SPLASH!
Near New York City, people dump old rail cars into the Atlantic Ocean.
What? That sounds like mega-littering!
Actually, the train dumpers are trying to restore the world, not make it dirtier. They’re attempting to build artificial reefs that attract fish and divers.
The 75 donated steel rail cars once carried lumber. Each weighs as much as 21 tons. The cars drop into the sea off Long Island’s Jones beach and sink into the nearby Hempstead Reef. It takes about two hours for the cars to settle into the sediment on the sea bottom. Other cars will go to New York’s other 11 artificial reefs.
Did you know people have been dumping junk—rail cars, tug boats, and old bridge parts—to make reefs for decades? From 2001 to 2010, around 2,500 train cars found a new home on the U.S. East Coast ocean floor. Once, New Yorkers rode in these cars on the subway. Now fish cozy up in them and call them home.

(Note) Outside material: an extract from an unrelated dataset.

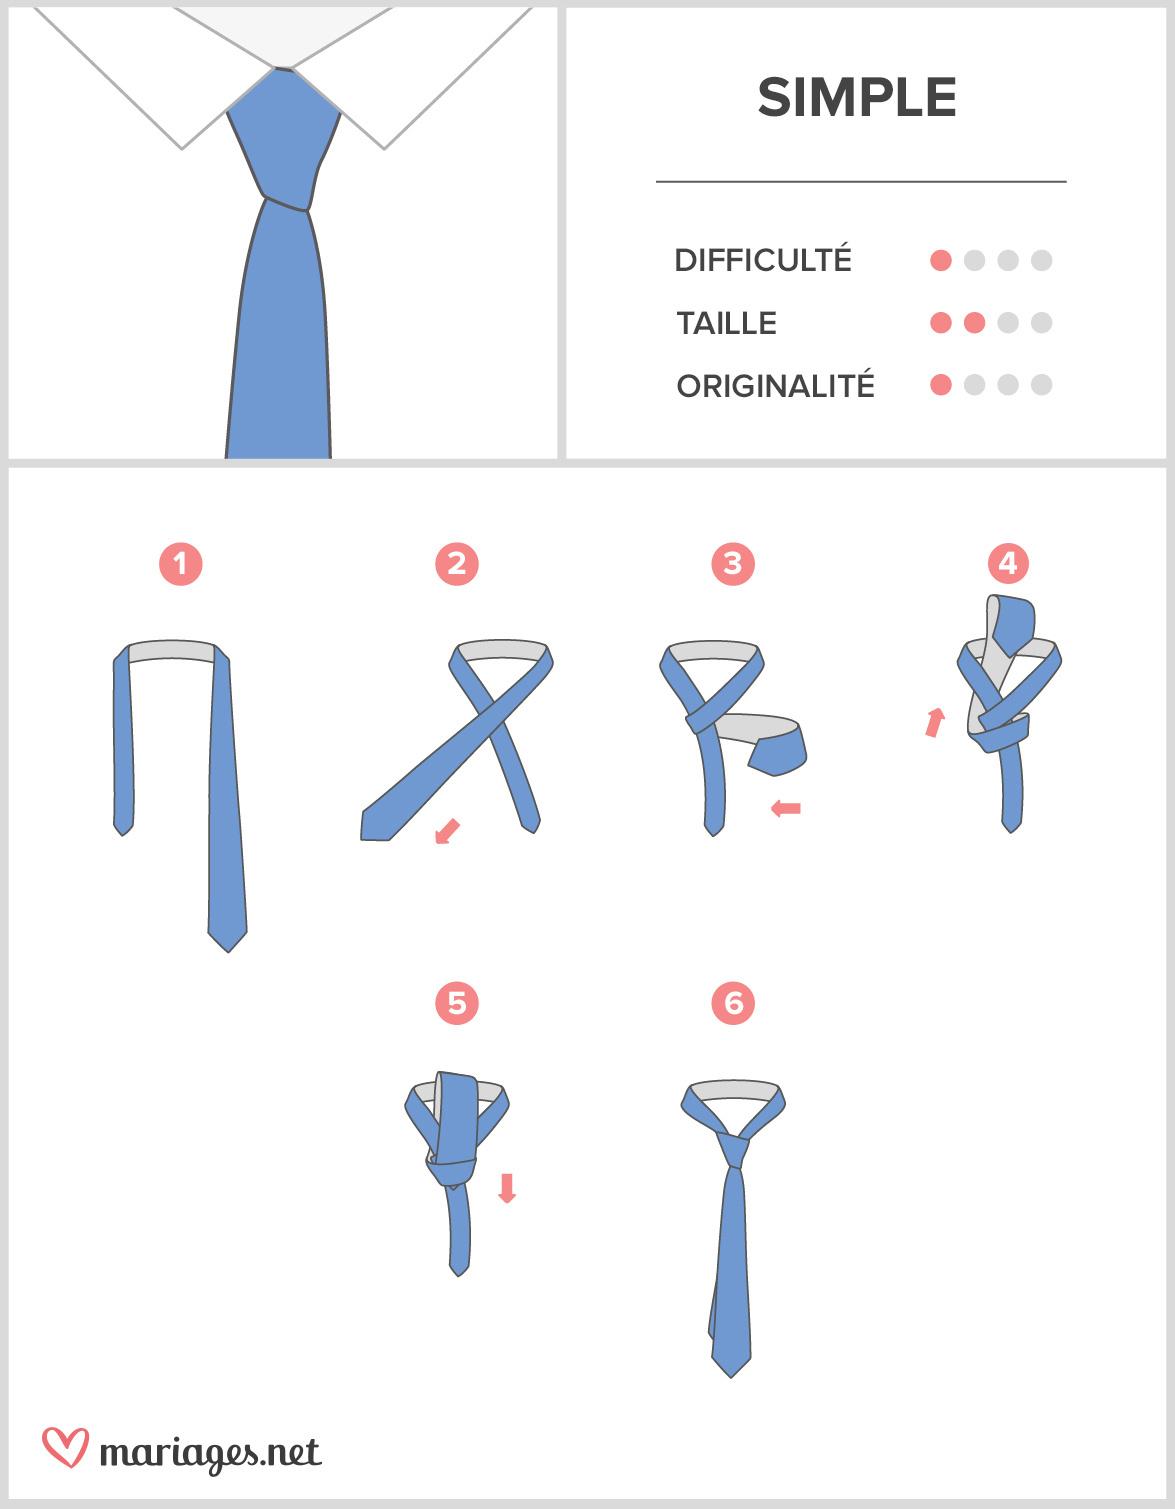 Le nœud du problème de la cravate

And in reality, people have been making artificial reefs for much longer—maybe since the 1830s. They probably got the idea from watching sunken ships. They likely noticed that old shipwrecks made great fishing spots because sea life gathered on or in them. Since then, people have constructed reefs from rubble, concrete, tanks, refrigerators, cars, and tires.
After these train cars sink, people watch for creatures to move in to the new neighborhood. That process usually doesn’t take long. Algae arrives first. Next, tautogs, porgy fish, anemones, sponges, and mussels show up with their U-Hauls. (Just kidding . . . sea creatures don’t have possessions to move. And they can’t drive.) Lobsters and crabs make themselves at home. Eventually—once the “reef” is stocked with plenty of prey— dolphins and sharks join the new marine community.